Bottom line. All visible lasers are a bit safer because people can see them and your eye/iris actually reacts, you blink, shut your eye, look away. Outside the visible spectrum, none of that happens. Then again... if the laser is strong, your reaction time is MUCH too small to prevent damage to your eye, so NO LASER WAVELENGTH is safer than the other if the power is too high ;-)


----------



## Skyscraperfan (Aug 5, 2021)

randfee said:


> true, but you're constructing a scenario that isn't real, IMHO.
> First of all, if the radiation is strong enough to damage the sensor, it sure as hell would damage your retina looking through the viewfinder. Secondly, good DSLM like my R5 have a proper mechanical shutter that is closed when the camera is shut down, problem solved. The only real advantage is when turned off without lens-cap while looking towards the sun (or a strong (!) laser), the DSLR will just pass most of the energy through the viewfinder and out the back while the shutter curtain of the mirrorless will absorb at least all the visible light (since it's black) and heat up... possibly beyond the point of permanent damage (not sure about the IR reflectance, if they're smart, it's IR reflective).
> So there is no damage threshold advantage of the DSLR over the mirrorless while using them. If you are using your camera in situations with lasers >class3, I'd much rather have that laser damage the sensor than my eye!... at least that's my opinion ;-)
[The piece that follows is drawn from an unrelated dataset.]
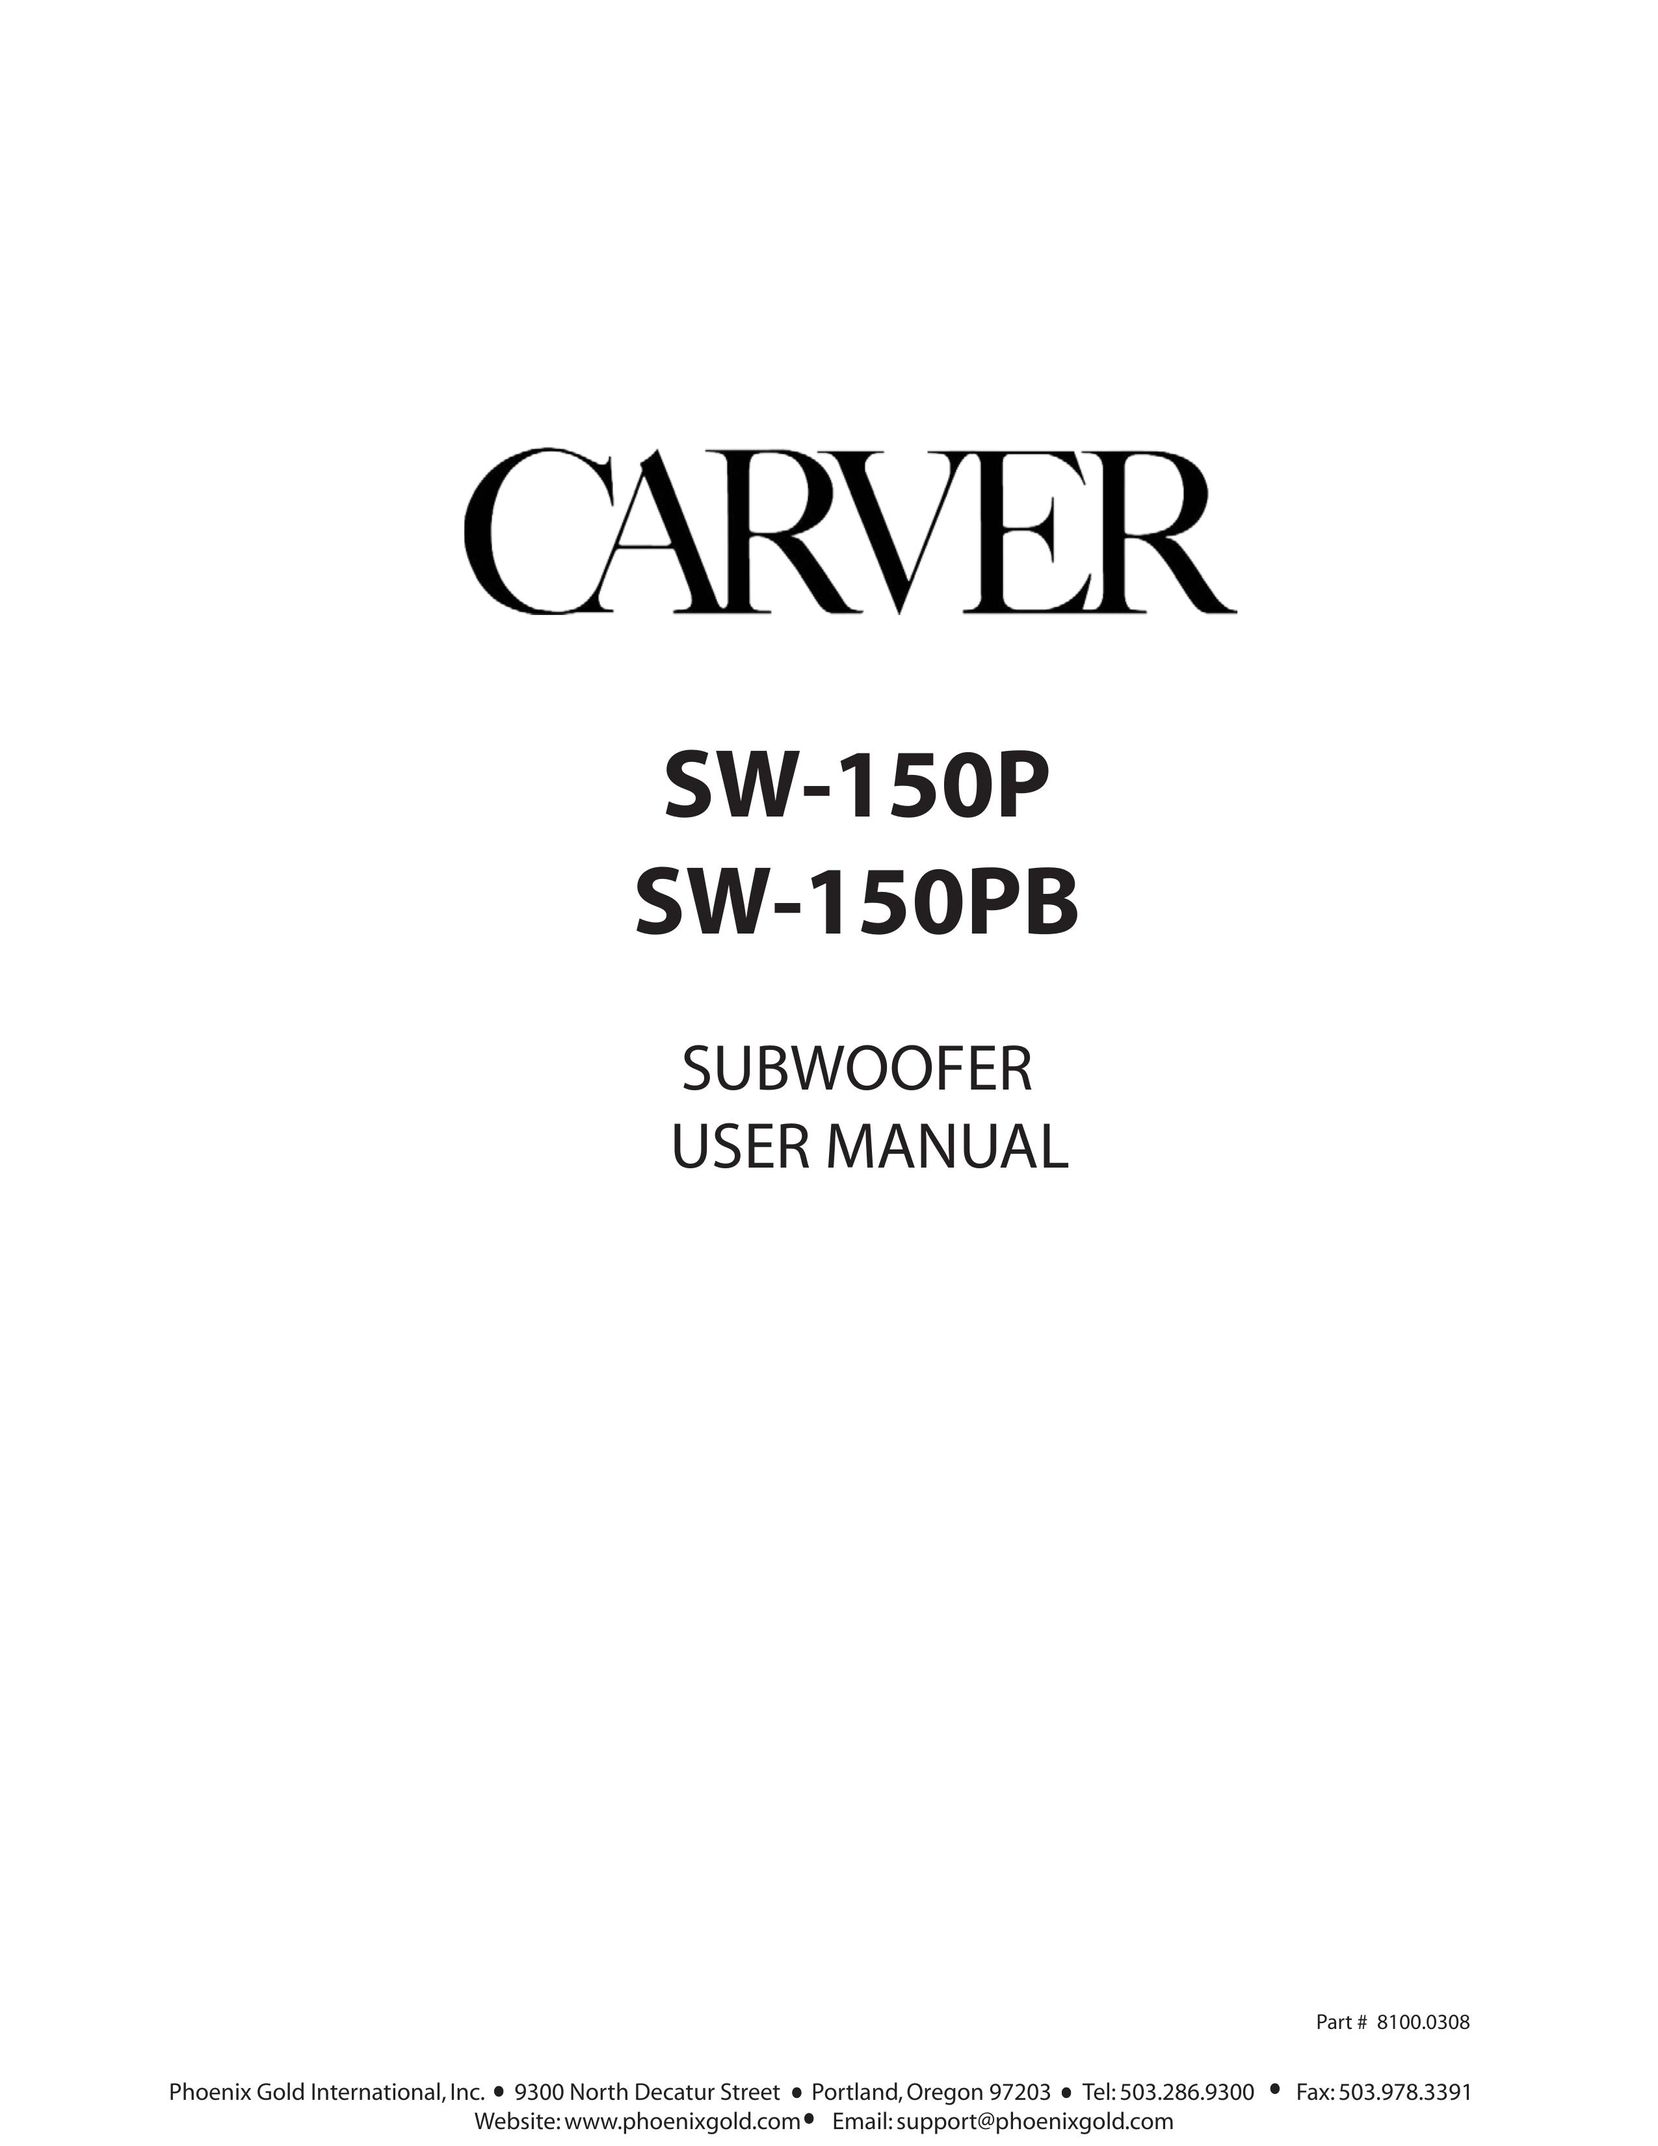 Carver sw-150p Speaker System User Manual

One article said that image sensors are 1000 times as sensible to lasers than the human eye. And if the laser is in focus, it is exactly focussed on a tiny part of the sensor and will cause maximum damage there.


----------



## randfee (Aug 5, 2021)

Skyscraperfan said:


> One article said that image sensors are 1000 times as sensible to lasers than the human eye. And if the laser is in focus, it is exactly focussed on a tiny part of the sensor and will cause maximum damage there.


really? hm...
Please specify what you mean by "sensible" - I don't understand what you mean by that ... the sensors surely have no feelings?! ;-)

If you mean "sensitive" as in damageable then I'd like to see that article. As a matter of fact, I'm an expert on laser <-> silicon interaction and damage thresholds and I would LOVE to see this as I do not believe that to be the case.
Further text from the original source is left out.